Collaboration in Visual Notebooks
Visual Notebooks lets you create teams of users with different roles. Visual Notebooks supports multiple team collaboration features, including the ability to share datasets, stories, and configured connectors.
User roles
There are three user roles available in Visual Notebooks: admins, editors, and viewers.
Admins have complete visibility and control over the account. Admins can modify user roles and set each user's maximum workspace size. Admins can also create, edit, and manage teams.
Editors can access all core features in Visual Notebooks but have limited control over the management of members and teams.
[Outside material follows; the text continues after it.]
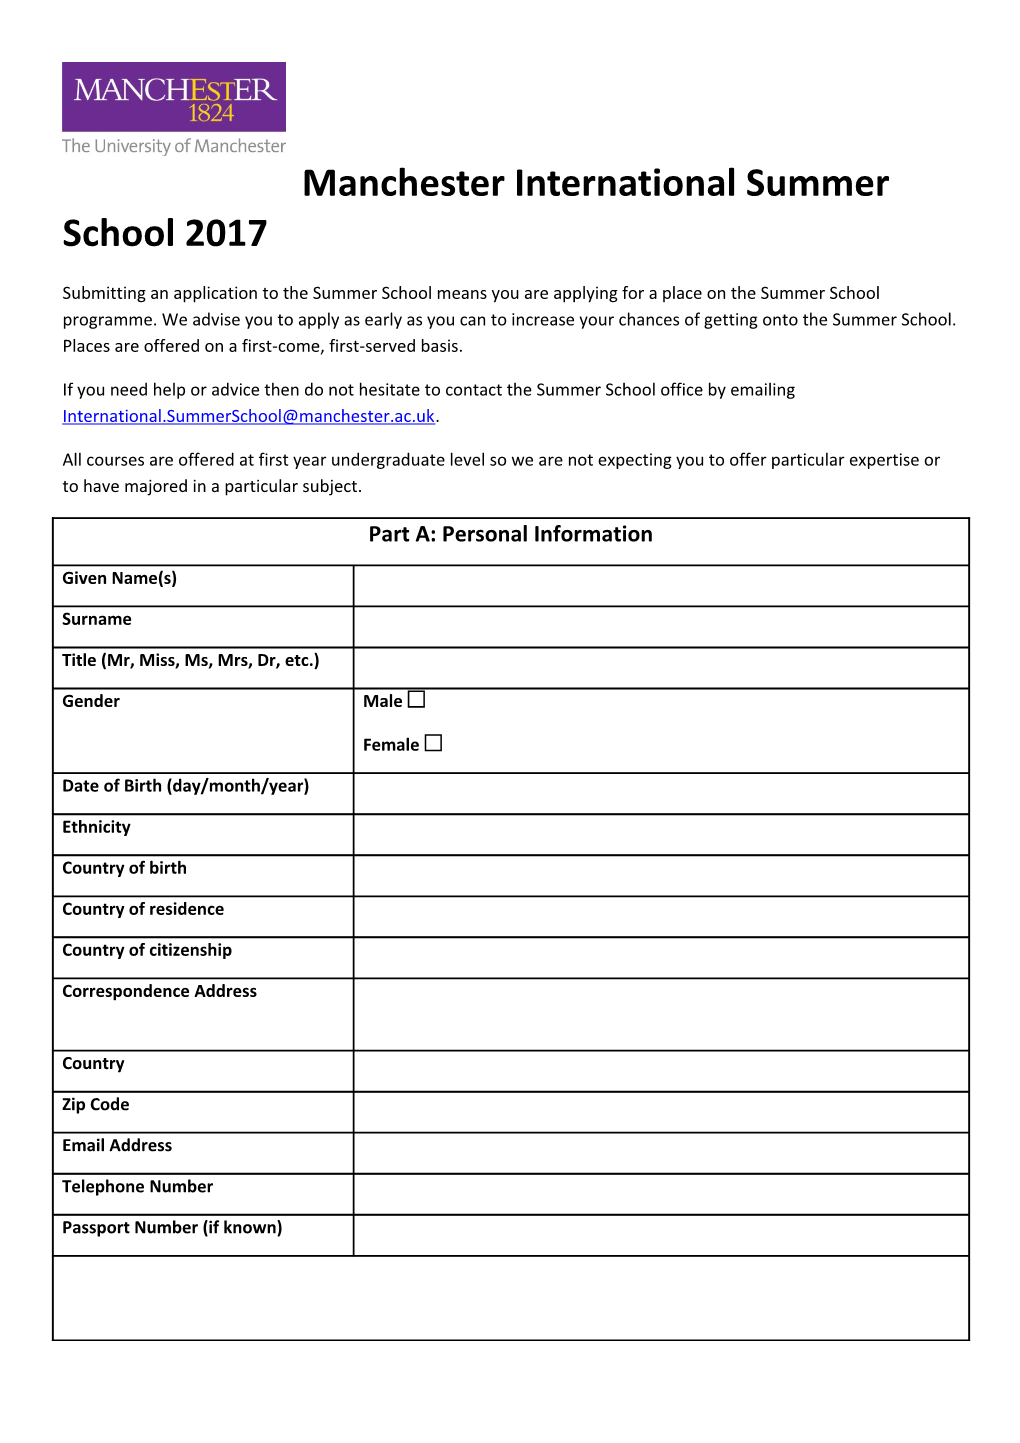 Manchester International Summer School 2017
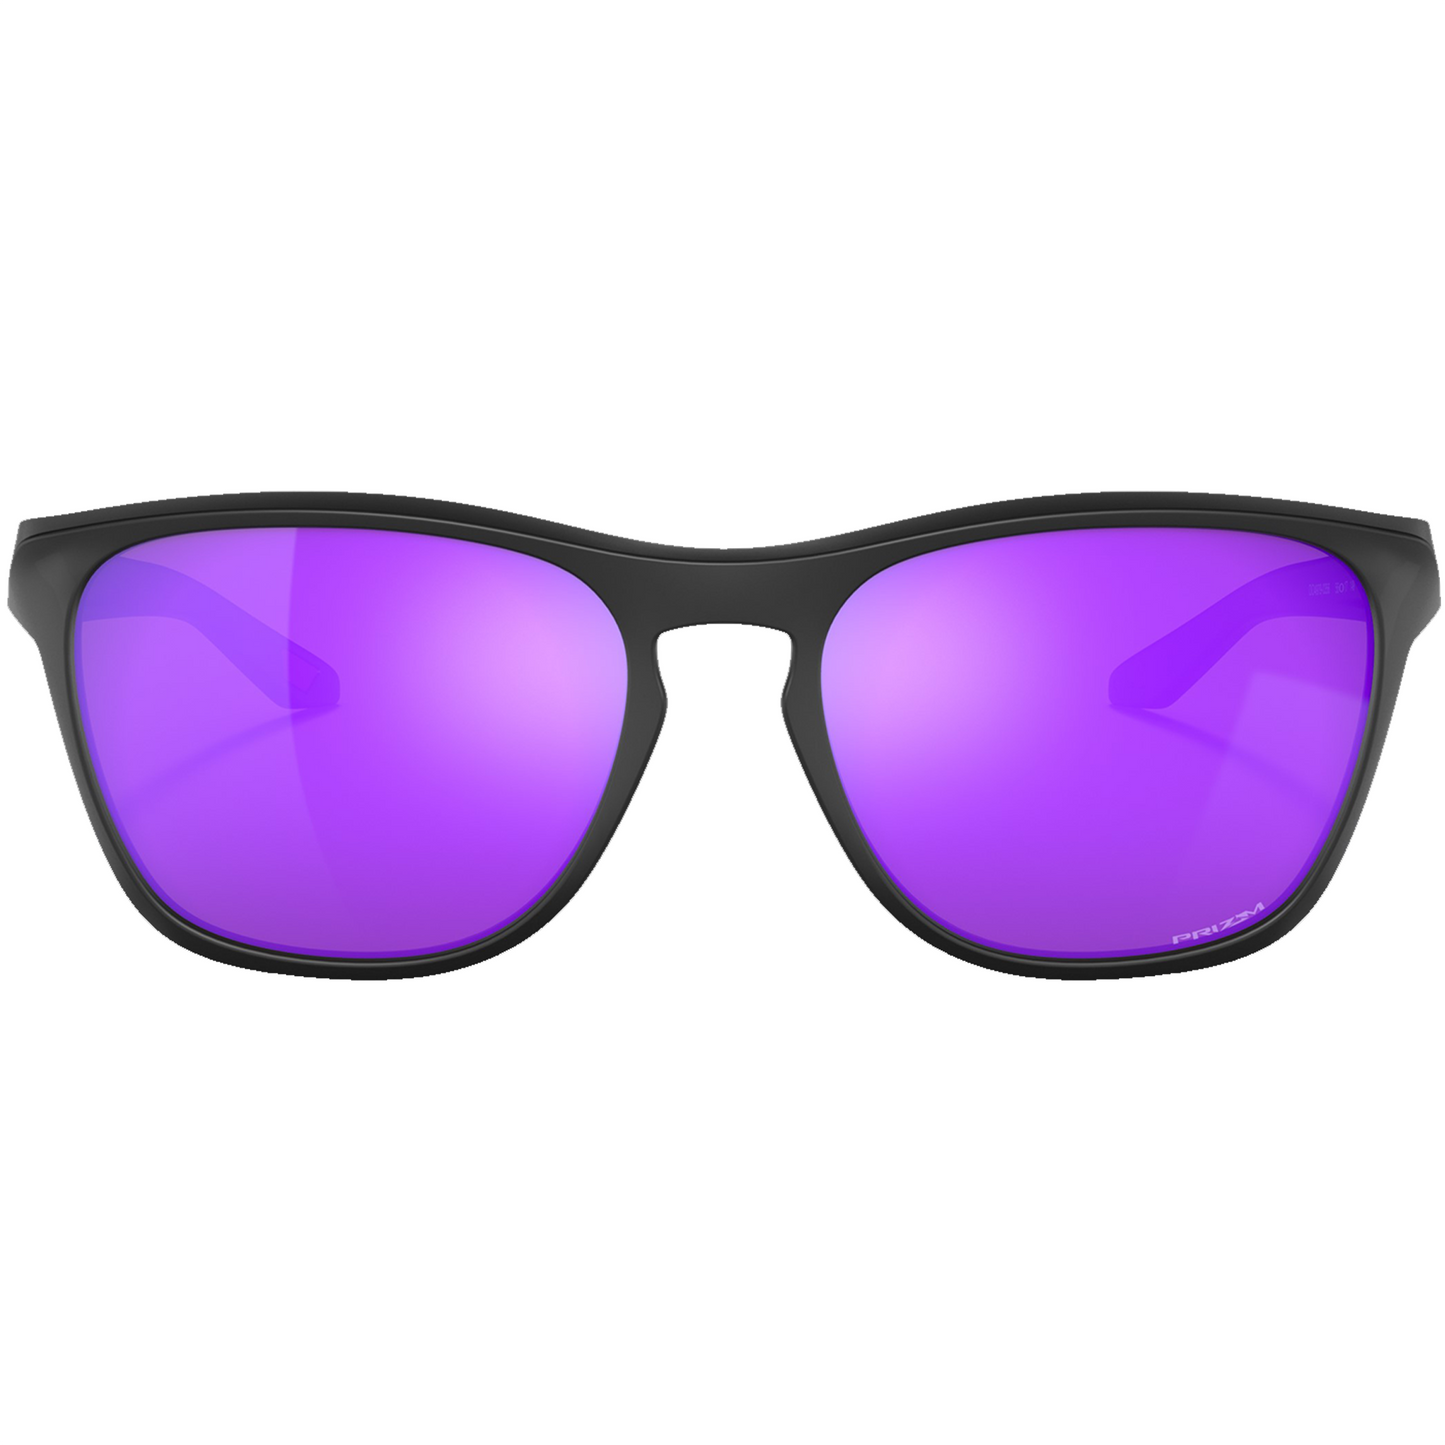 Oakley Manorburn Sunglasses (Matte Black) Prizm Violet Lens - Free Case

They can view the current teams but cannot modify membership in them or create new teams.
Viewers can log into Visual Notebooks to access stories—Visual Notebooks's built-in visual dashboards—in a read-only mode. Viewers cannot access the Visual Notebooks canvas or build visual notebooks of their own.
Visual Notebooks teams
Account administrators can create "user-groups" or "teams" within their account, used to control data access. From the Teams page, account administrators can create multiple teams and add members of an account to different teams based on their role or department. Users can have membership in multiple teams, maintaining access to data shared with each team.

Figure 1: Visual Notebooks Teams page
Sharing in Visual Notebooks
Users can share assets, which include datasets, stories, and connectors, directly with other teams. Additionally, visual notebooks and ML Pipelines can be shared between individual users via export and import features.
Sharing datasets
Visual Notebooks datasets can be shared with colleagues assigned to a team. Follow the steps below to share a dataset.
- Navigate to the "Datasets" page and click the arrow icon under "Actions"
- Navigate to the "Datasets" page and click the arrow icon under "Actions" beside the dataset you want to share.
- Search for the team(s) to share with and click "Save."
After sharing a dataset with a team, account members within the team can use the data within their visual notebooks for further analysis.
Often, a user within the team may be responsible for loading and preparing data and features for a data science project, while another team member uses the data for further analysis and machine learning. Dataset sharing amongst team members facilitates this typical collaborative workflow.

Figure 2: Sharing Visual Notebooks Datasets
Sharing stories
Stories may be shared with team members in an analogous manner to C3 AI Ex Machina datasets. Navigate to the "Stories" page and find the story you'd like to share. Select "Share" followed by the team of users to share with. This is shown in Figure 3.

Figure 3: Sharing Visual Notebooks Stories
Sharing connectors
Visual Notebooks supports sharing connectors to external data resources such as Big Query, Snowflake, and Databricks. The steps are like those for datasets and can be seen in Figure 4.
It is often not desirable to share credentials to underlying data resources with multiple users. Instead, an account administrator can create a new "connector" and enter credentials once. The account administrator may then share the connector with all users, or a subset of users defined within an Visual Notebooks team.
Recipient members can leverage the shared connector without ever requiring access to the underlying credentials. The team admin can rescind or change access to credentials at any time.

Figure 4: Sharing External Data Resource Connectors
Sharing visual notebooks and ML pipelines
Visual notebooks and ML pipelines can be shared by performing the following steps:
- Navigate to the "Visual Notebooks" or "ML Pipelines" page.
- Click the three dots beside the visual notebook or ML Pipeline to be shared, and then "Export" to save as a local JSON file. This is shown in Figure 5.
- Send the file to desired recipients using any third-party file transfer service.
- In the recipient account, navigate to the "Visual Notebooks" or "ML Pipelines" page.
- Select "Import" in the top right corner.
- Click browse to locate and upload the JSON file, as shown in Figure 6.
- Enter a name for the visual notebook or pipeline and click "Save."
Any visual notebooks or pipelines shared in this way are copies of one another, so changes made by the sender or recipients are local.